I often enough see in the news about the increased risk of sudden cardiac death in elite endurance athletes. As it is usually stated it is often (at the very least) implied that the risk for sudden heart failure is larger for endurance athletes than it is for the general population. But is this really so? I am in particular interested in this question as the recommendations I have heard from this (again from the ordinary news) is that one should not exceed the exercise guidelines by too much. But this seemingly goes counter to what I have heard from you, that the guidelines are more of a minimum than a ‘sweet spot’.
Sudden cardiac death (SCD) incidence in the general population varies slightly between studies, but is ~ 3-4 per 100,000 person years in those without existing heart diseease. In athletes, it’s much lower in most studies at 1-2 per 100,000 person years. I believe there was a study showing enlisted military folks had a WAY higher risk of > 10 per 100,000 person years.

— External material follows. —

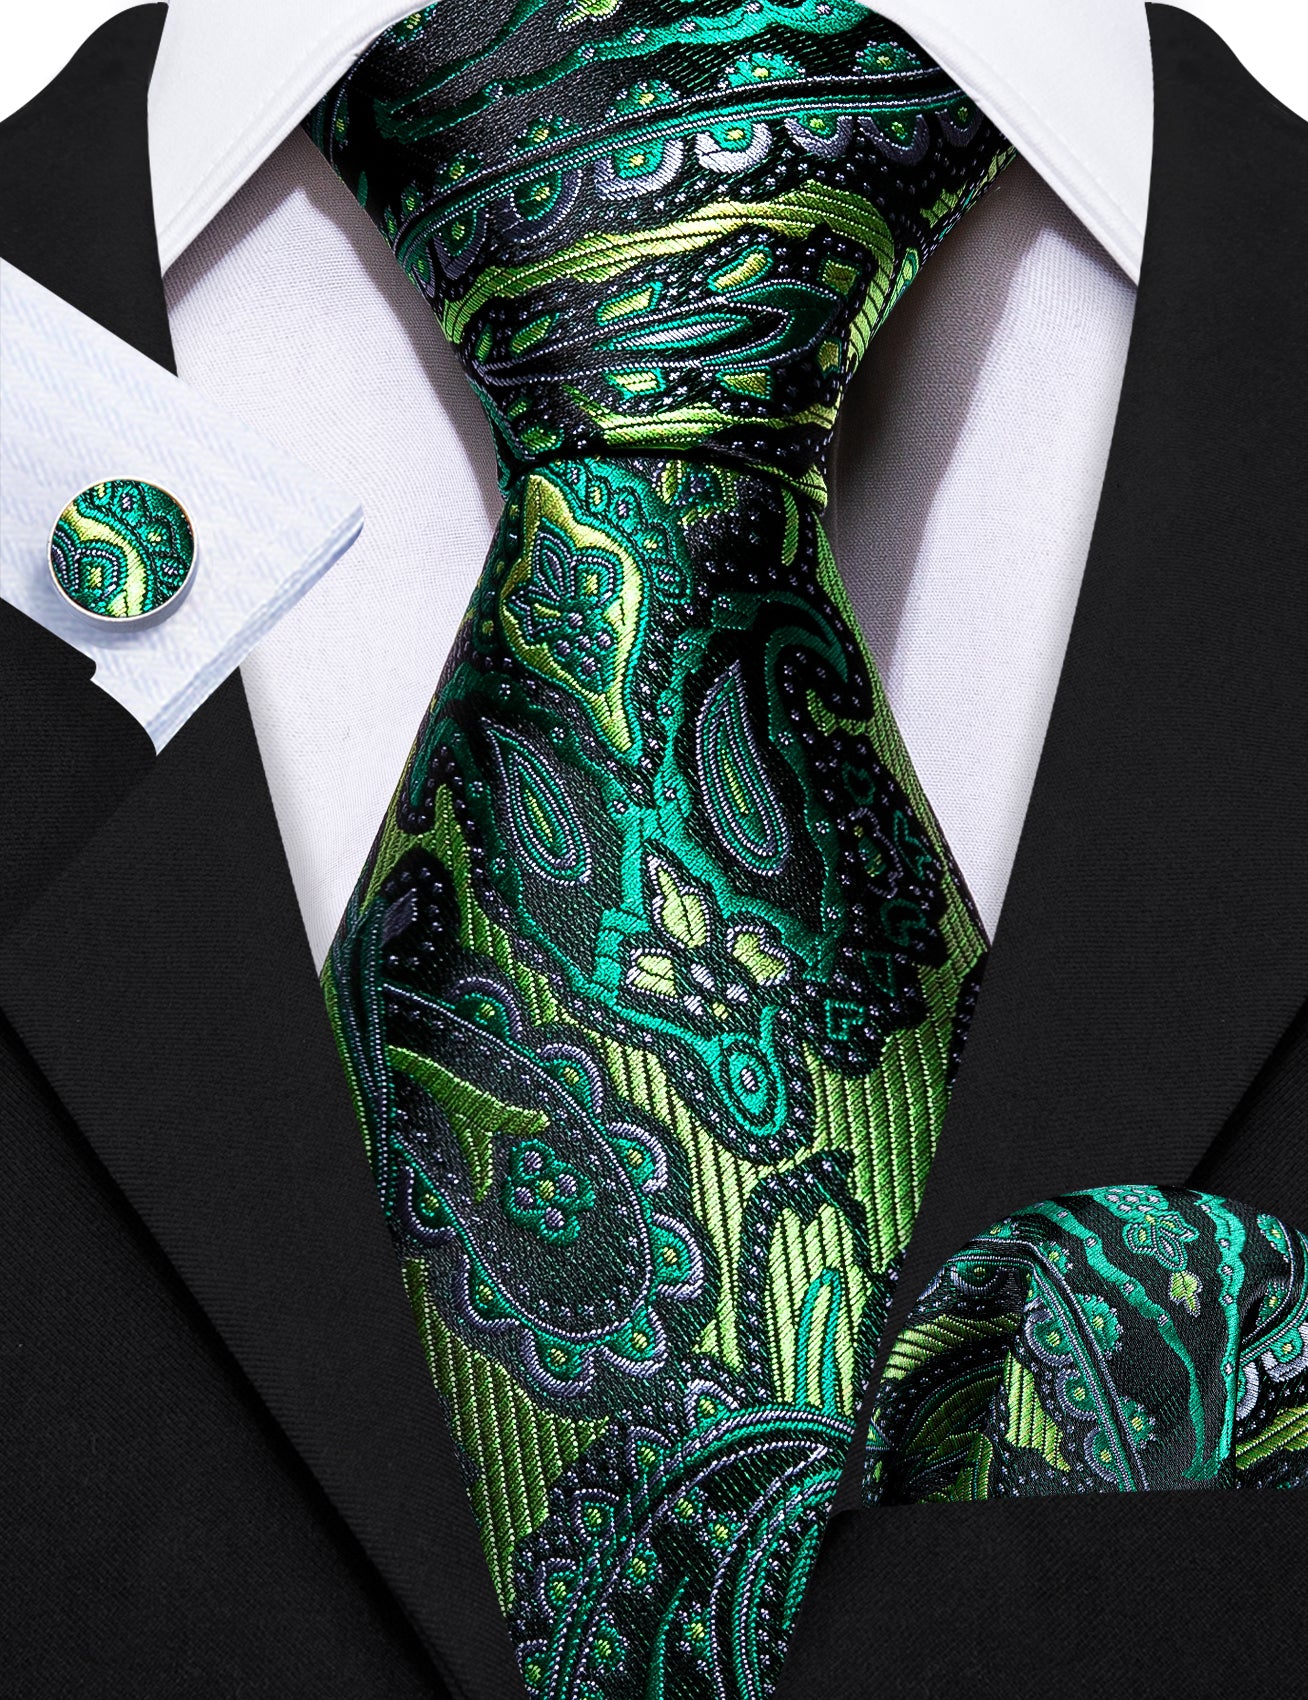 Barry Wang Green Tie Paisley Silk Men's Tie Handkerchief Cufflinks Set

There’s more nuance to this data, but that’s the gist.
This has nothing to do with meeting or exceeding exercise guidelines, however, as SCD in individuals without established heart disease tends to be caused my structural abnormalities, inherited arrhythmias, etc.

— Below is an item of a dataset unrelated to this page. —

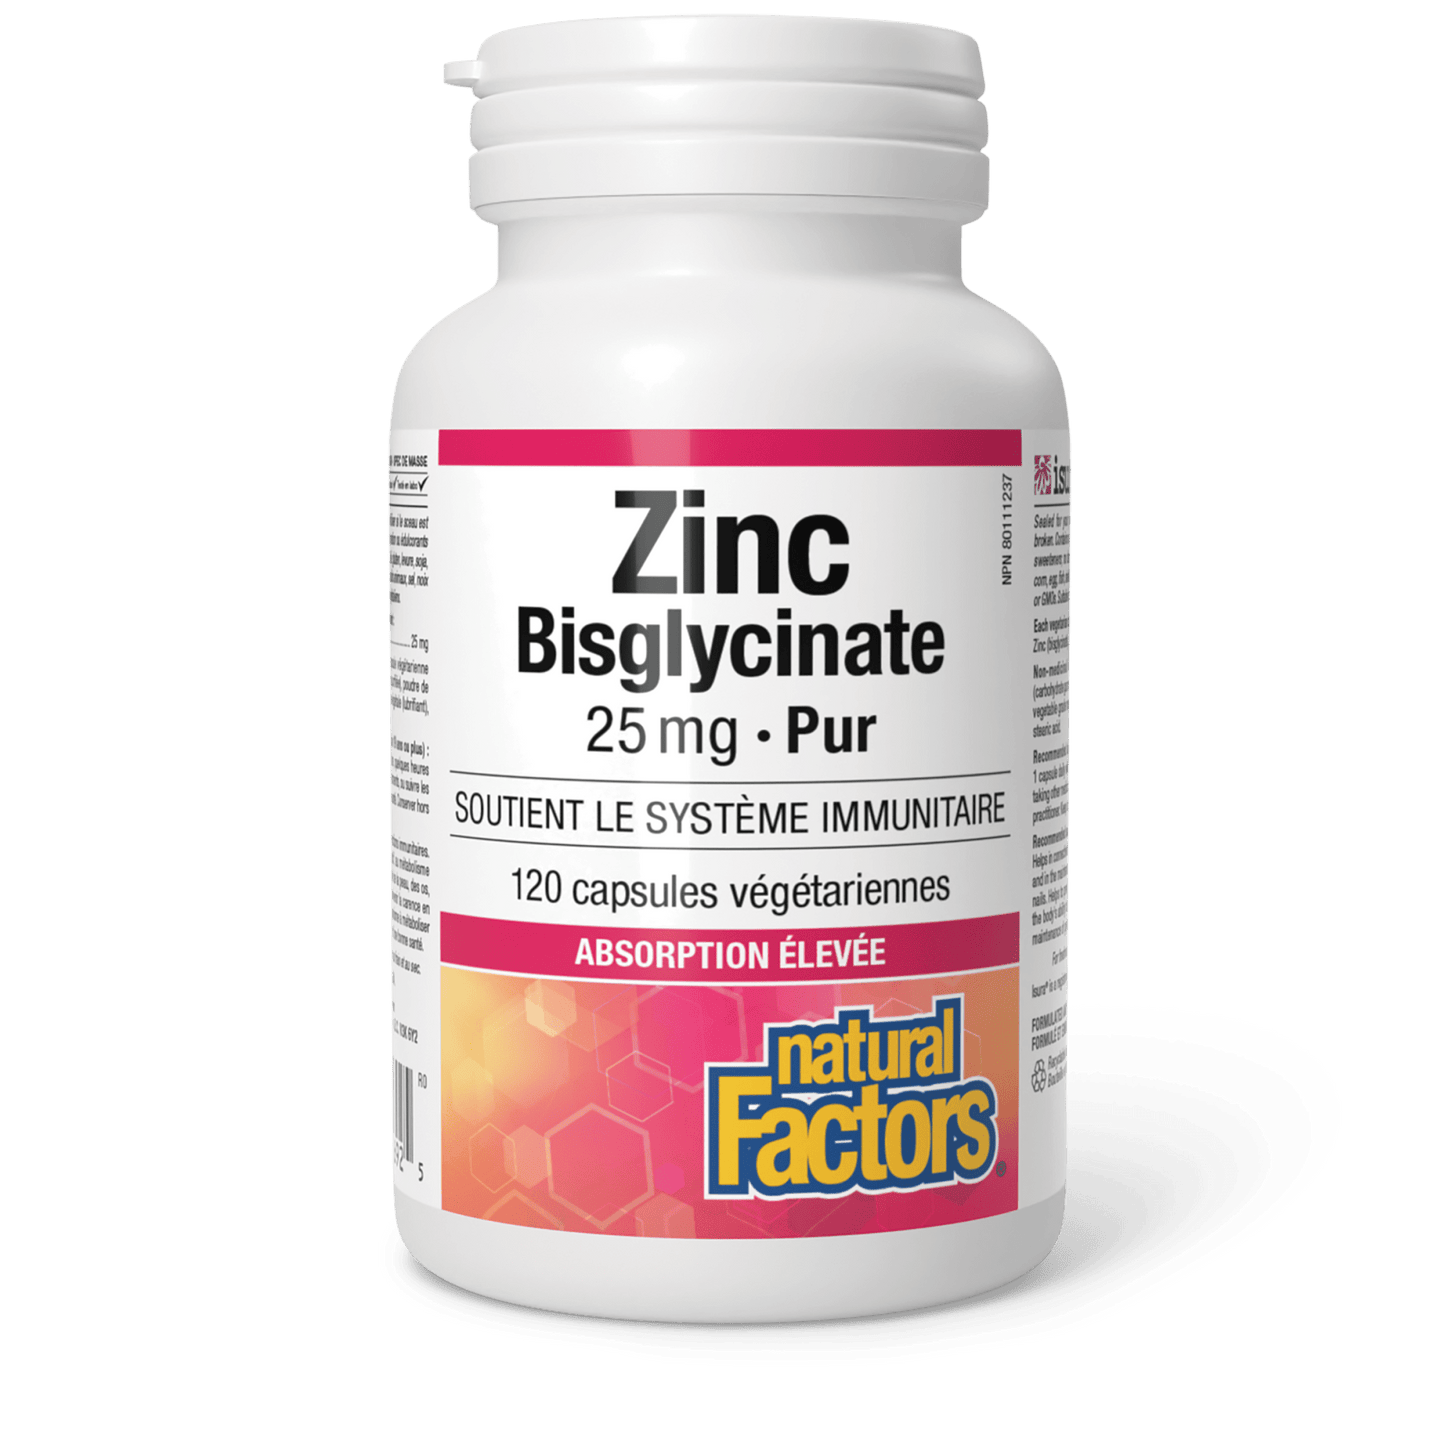 Zinc Bisglycinate Pur 25 mg, Natural Factors|v|image|1692

In general, the risk of SCD in athletes is lower than the gen pop. SCD that does occur in athletes (e.g. those without heart disease) tends to be unrelated to exercise volume- but more luck than anything else. Finally, those who are at the highest risk for SCD are those with heart disease, who benefit from more exercise in a dose-dependent manner.
In the particular new segment I watched the argument for this presented by the MD was of mechanistic form, e.g some structural changes occurring to the heart. From listening to you guys for a couple of years now I have become very sceptical of such arguments in the absence of supporting data.
Yea, we know that exercise produces adaptations to the heart and other structures. These variations are different for different activities based on the static vs dynamic nature of the activity. Many of the adaptations have some overlap with pathological changes such as hypertrophic cardiomyopathy, dilated cardiomyopathy, left ventricular hypertrophy due to high pressure (blood pressure or aortic valve issues). That said, none of these exercise-related adaptive changes seem to increase risk of cardiovascular disease, SCD, or similar.